How many different bikes other than the original donor were cannibalized to make your current machine?
(a) None – 0 points
(b) 1 or 2 bikes – 10 points
(c) Between 3 and 5 – 20 points
(d) More than 5 bikes – 50 points
Your bike mostly……
(a) Collects dust in the garage – deduct 10 points, shame on you
(b) Angers you with the constant need for attention and fiddling – 10 points for it probably being Italian
(c) Leaks oil from a weeping turbo seal – 25 points
(d) Inexplicably and uncontrollably points its own frontend skyward on each ride – 100 points
Have you at any time in the last 12 months……
(a) Picked a part from someone else’s trash for ‘fighter parts – 25 points
(b) Welded/brazed/screwed/glued a part to your bike – 50 points
(c) Finished your current build – deduct 50 points, ‘fighters are never done
(d) Made your own parts from scratch and thought “them chopper boys got nothing on me” – 100 points
Your bike of choice could best be described as?

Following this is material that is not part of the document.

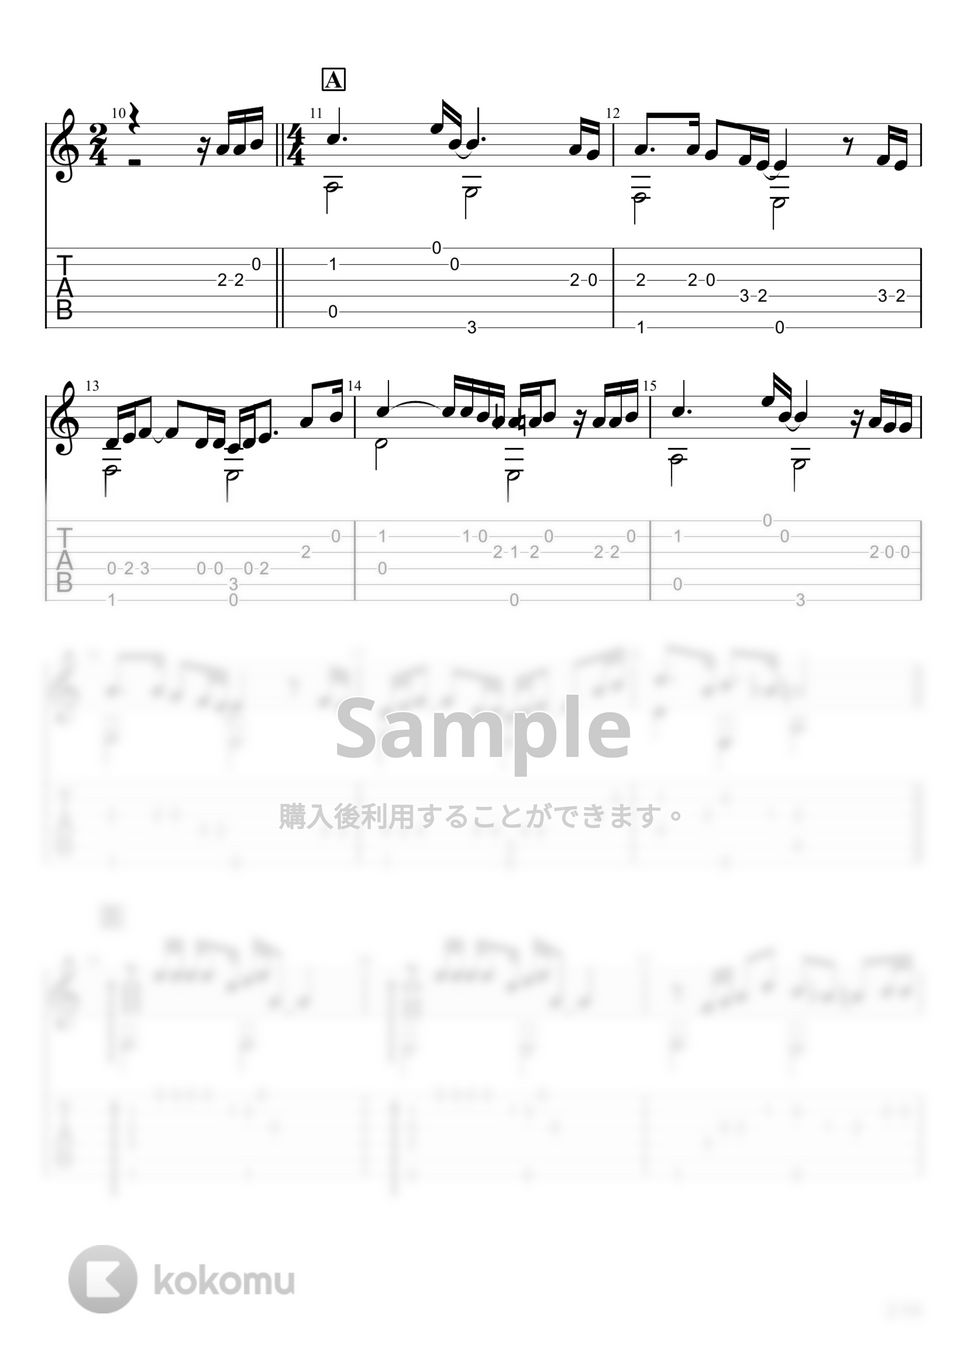 いきものがかり - YELL (ソロギター) by u3danchou

(a) Sleek and sexy – 5 points
(b) “Different” – 10 points
(c) Weird and not of this planet – 20 points
(d) Eating unattended children – 3,000 points
(e) “Cute” – deduct all points earned and get the fuck out of here
If you made it this far without closing this column and you own a motorcycle I salute you and award you an A+ for effort. Except whoever picked “cute” on that last question. My clouded judgment of you still stands.